God bless you, Mr. President, for asking God to bless all
God bless President Bush for not saying "God bless America." He ended his State of the Union address with a simple "God bless." He said the same thing the next day at a speech in Delaware. Earlier in January, he gave the same ending to troops at ...
God bless President Bush for not saying "God bless America."
He ended his State of the Union address with a simple "God bless." He said the same thing the next day at a speech in Delaware.
Earlier in January, he gave the same ending to troops at Fort Benning. When he told the nation why he was sending 20,000 more troops to Iraq, he did not even say "God bless." He said, "We go forward with trust that the Author of Liberty will guide us through these trying hours. Thank you and good night."
Why, as of this writing, Bush has gone 26 days without ending a speech or appearance with "God bless America." The closest he came to divine politics and nationalism in that time period was in his Roe v. Wade anniversary telephone greetings from Camp David to abortion opponents on the Washington Mall. Bush said, "I ask for God's blessings on your work, and that God continue to bless our country."
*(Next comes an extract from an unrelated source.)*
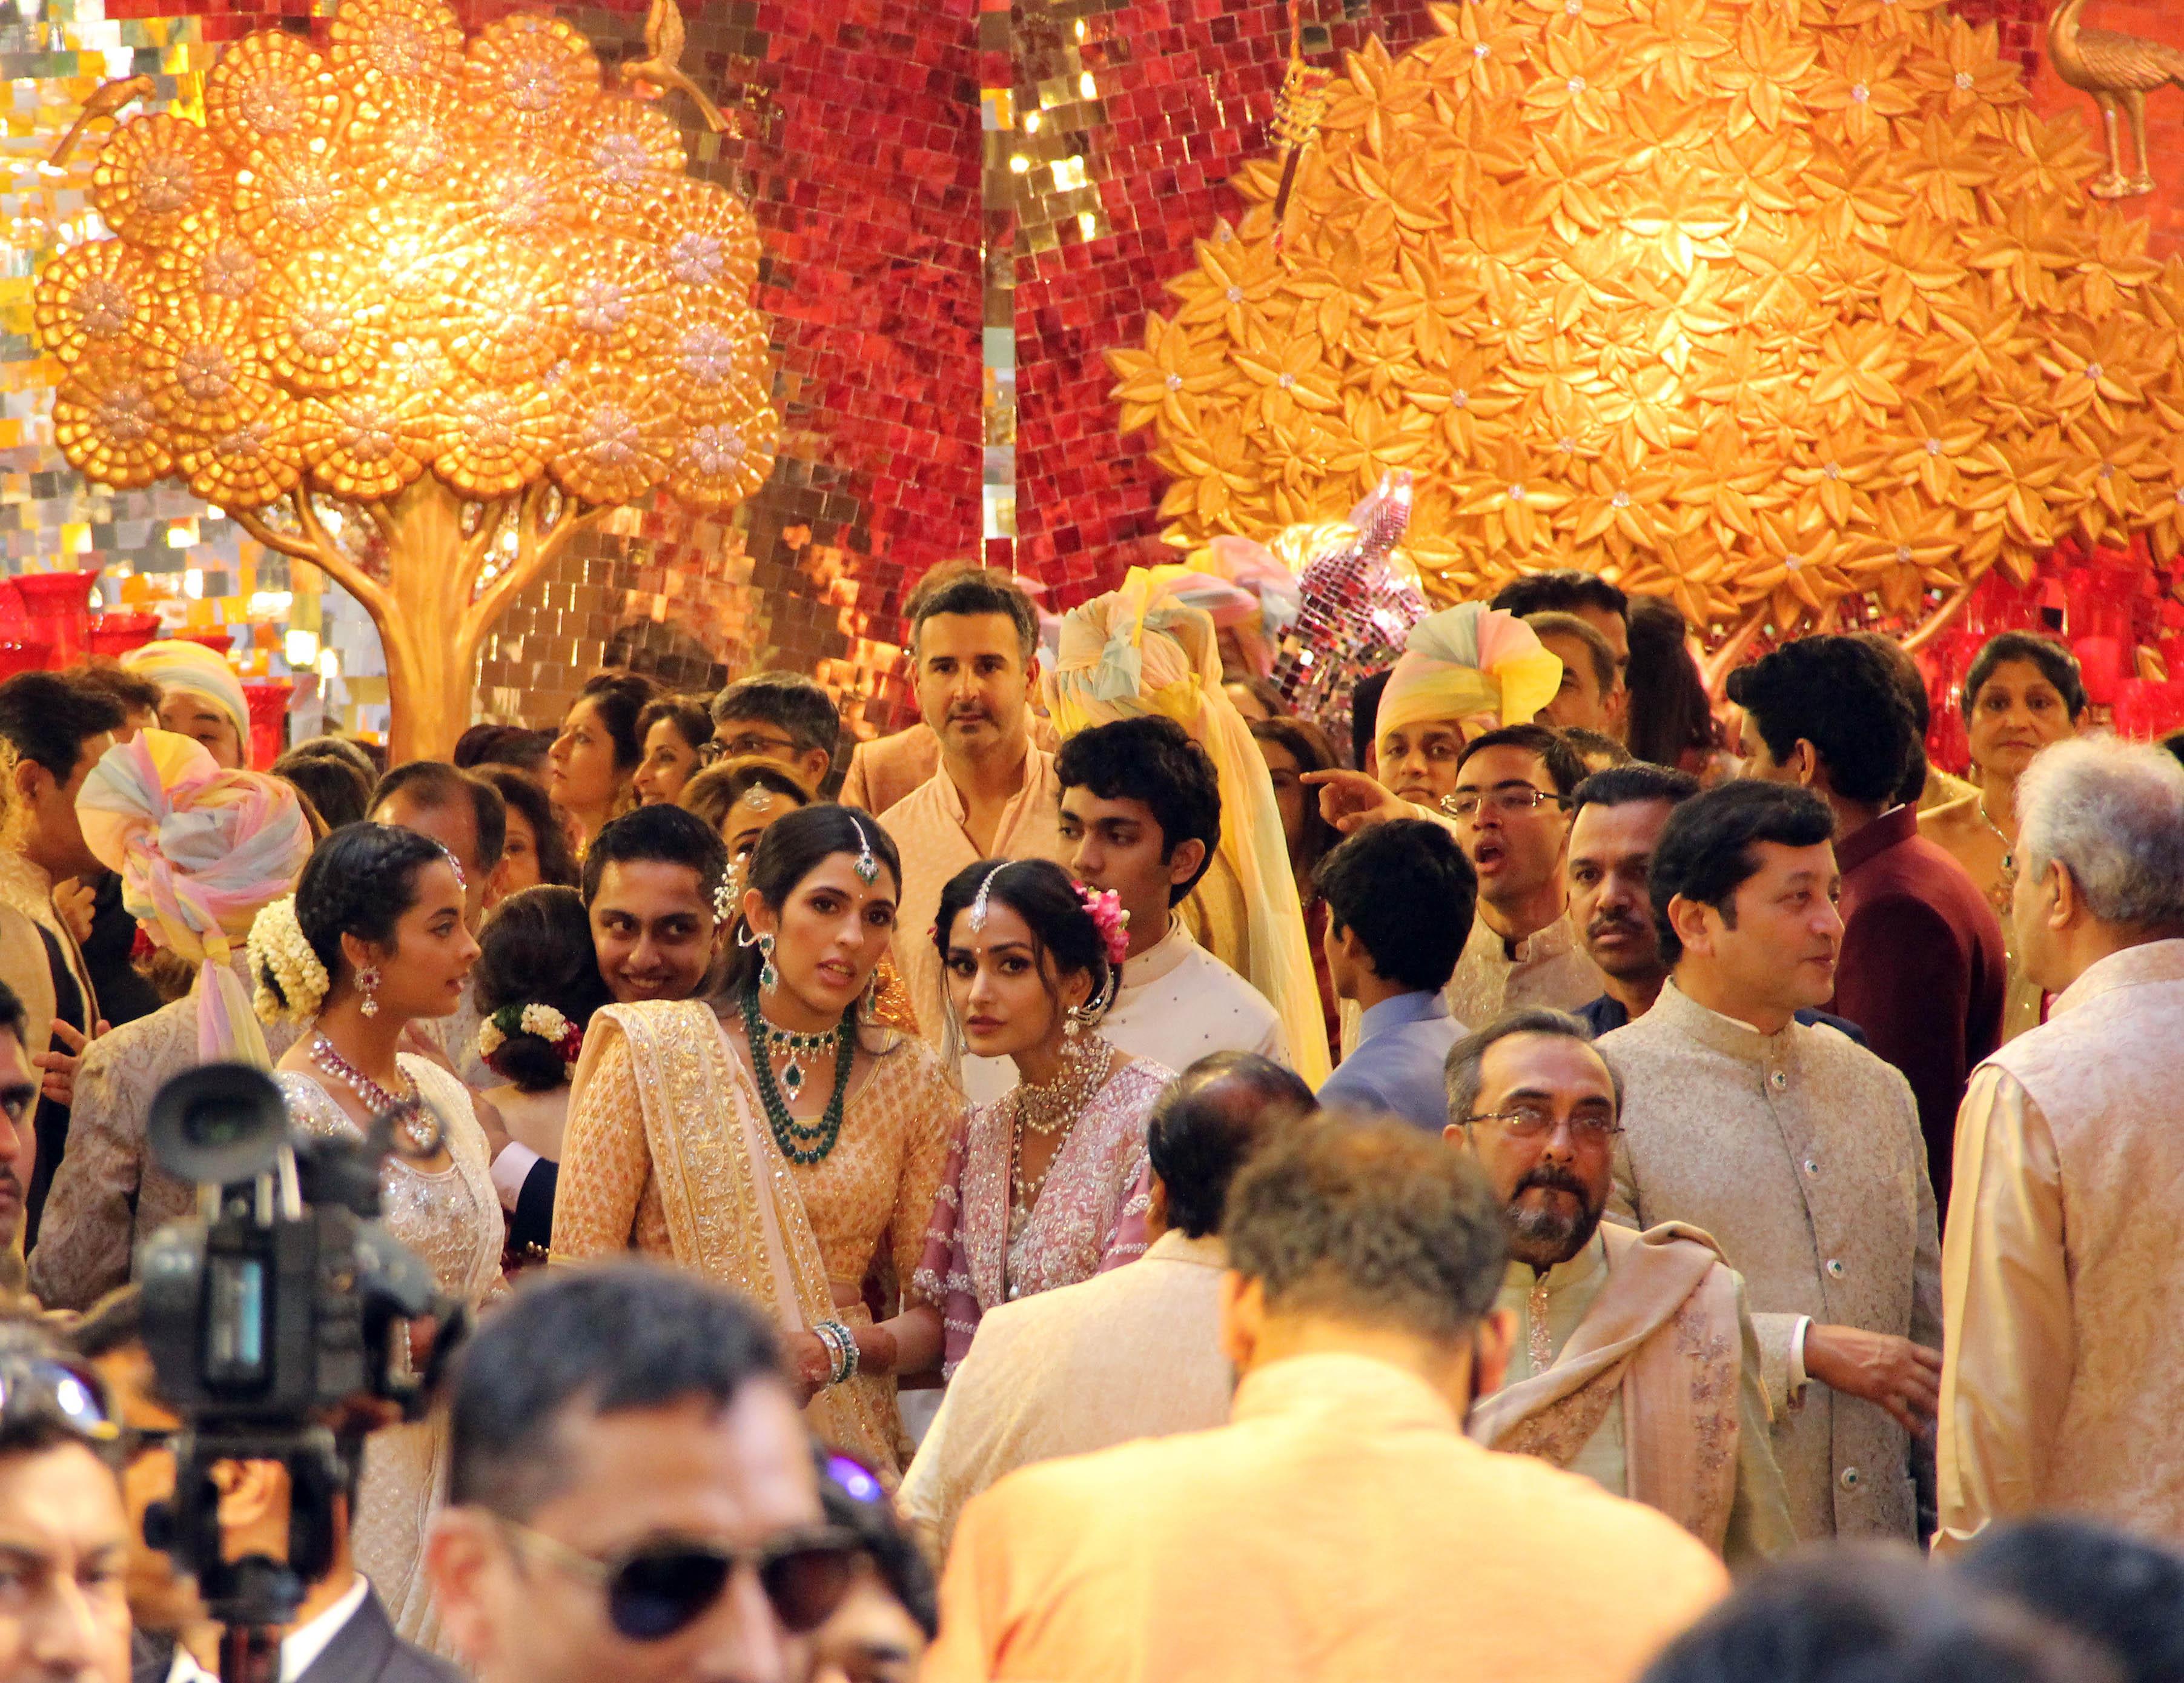 The second reception, the grandest of all was hosted by Mukesh and Nita Ambani for their daughter Isha and son-in-law Anand Piramal at Jio Gardens in BKC. The wedding reception was attended by eminent personalities from politics, Bollywood, Mumbai celebrities and many more.

The last time he actually issued the stock phrase, at least according to online White House transcripts, was in his New Year's greeting where he and Laura Bush closed with: "May God bless you, may God bless our troops and their families, and may God bless America."
It is enough to borrow from Michael Moore and ask, "Dubya, Where's my country?"
An attempt Thursday to ask that question to the White House press office was not met with an official answer. But we need not wait to compliment the president on his blessed omission.
Bush has periodically said just "God bless" throughout his presidency. But this recent pattern is a long way away from 2003, when Bush said at the end of his"Saddam-has-48-hours-to-get-out-of-town" speech, "May God continue to bless America." It is a long way from his announcement of his immoral invasion of Iraq under false pretenses of imminent danger that ended, "May God bless our country and all who defend her."
It is light years from the concentrated dose of Amerocentric utterances in the first weeks of the invasion, when Bush closed appearances at MacDill Air Force Base, the White House, the Pentagon and the Port of Philadelphia with variations of God bless America or our troops. The most God-awful moment was his speech at Chicago's O'Hare Airport shortly after Sept. 11, 2001.
Nauseatingly symbolic of the relatively painless war his administration promised for nonfighting Americans, Bush told us that we could show our patriotism by getting on an airplane to "fly and enjoy America's great destination spots. Get down to Disney World in Florida. Take your families and enjoy life, the way we want it to be enjoyed." He dispensed with the polite "may" and bluntly declared, "God bless America." To this day Bush has not asked for any significant sacrifice from U.S. civilians even as more than 34,000 Iraqi civilians died last year in the aftershock of our botched invasion.
For the Bush presidency, divinity has been too close to political design. Former Attorney General John Ashcroft quoted the Bible in depicting the war on terrorism as a "defense of our freedom in the most profound sense. It is the defense of our right to make moral choices, to seek fellowship with God." Bush talked out of both sides of his mouth to the Washington Post's Bob Woodward, claiming that he would not justify a war based on God but that he prayed to be "as good a messenger of his will as possible."
Perhaps the messenger, in the privacy of his soul, questions whether Thy will was done. Six years of asking God to bless America while cursing global cooperation has created more hell than heaven. Just maybe, Bush, seeing his party humbled in the November elections, has decided to take on a more humble approach in general.
War aside, asking for blessing for merely one's own country becomes more anachronistic with each computer service call we make to India; with each Japanese car factory in mid-America; with every sneaker made in China, Vietnam and Indonesia; and of course, with every barrel of oil we import from undemocratic or barely democratic nations in the Middle East and Africa. Whether he meant it or not, Bush is headed in the right direction on publicly asking for God's blessing. America under his watch had been giving a bad name to God.
Derrick Jackson is a columnist for the Boston Globe.